1

Say I have a java source file saved into a String variable like so.

String contents = Utils.getTextFromFile(new File(fileName));

And say there is a line of text in the source file like so 

String x = "Hello World\n";

Notice the newline character at the end.

In my code, I know of the existence of Hello World, but not Hello World\n so therefore a call to

String search = "Hello World";
contents = contents.replaceAll(search, "Something Else");

will fail because of that newline character. How can I make it so it will match in the case of one or many newline characters? Could this be a regular expression I add to the end search variable?

EDIT:

I am replacing string literals with variables.
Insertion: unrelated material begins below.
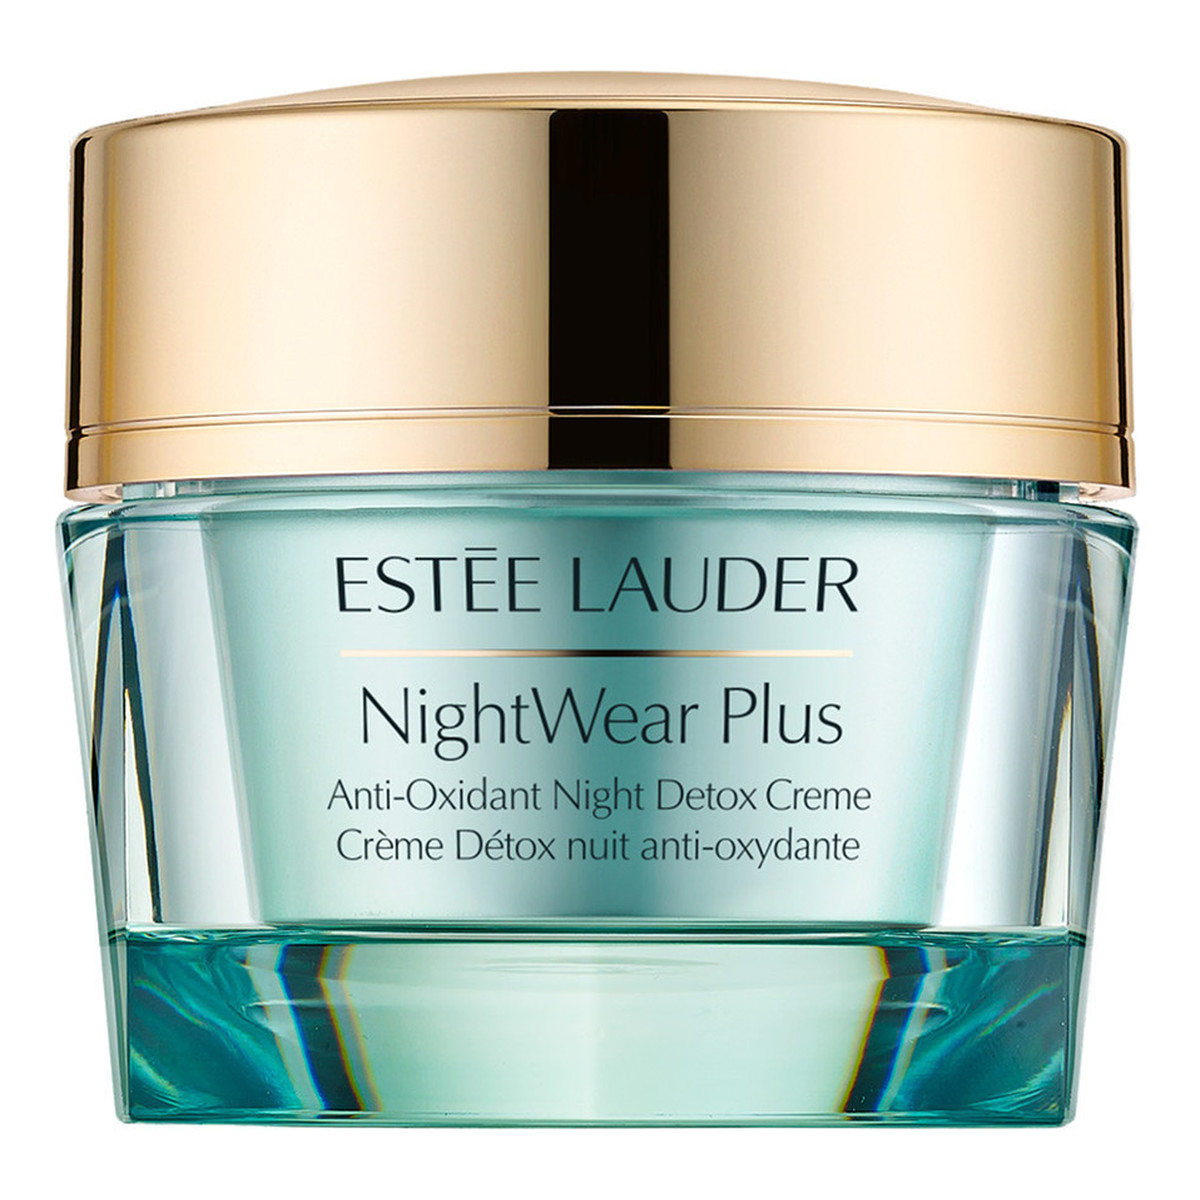 Estee Lauder Night Wear Plus Anti-Oxidant Night Detox Creme Oczyszczający krem do twarzy na noc 50ml

I know the literals, but I dont know if they have a newline character or not. Here is an example of the code before my replacement. For the replacment, I know that application running at a time. exists, but not application running at a time.\n\n

int option = JOptionPane.showConfirmDialog(null,"There is another application running. There can only be one application\n" +
"application running at a time.\n\n" + 
"Press OK to close the other application\n" + 
"Press Cancel to close this application",
"Multiple Instances of weh detected", 
JOptionPane.OK_CANCEL_OPTION, JOptionPane.ERROR_MESSAGE);

And here is an example after my replacement

int option = JOptionPane.showConfirmDialog(null,"There is another application running. There can only be one application\n" +
"application running at a time.\n\n" + 
"Press OK to close the other application\n" + 
"PRESS_CANCEL_TO_CLOSE",
"MULTIPLE_INSTANCES_OF",
JOptionPane.OK_CANCEL_OPTION,
JOptionPane.ERROR_MESSAGE);

Notice that all of the literals without newlines get replaced, such as "Multiple Instances of weh Detected" is now "MULTIPLE_INSTANCES_OF" but all of the ones with new lines do not. I am thinking that there is some regular expression I can add on to handle one or many newline characters when it tries to the replace all.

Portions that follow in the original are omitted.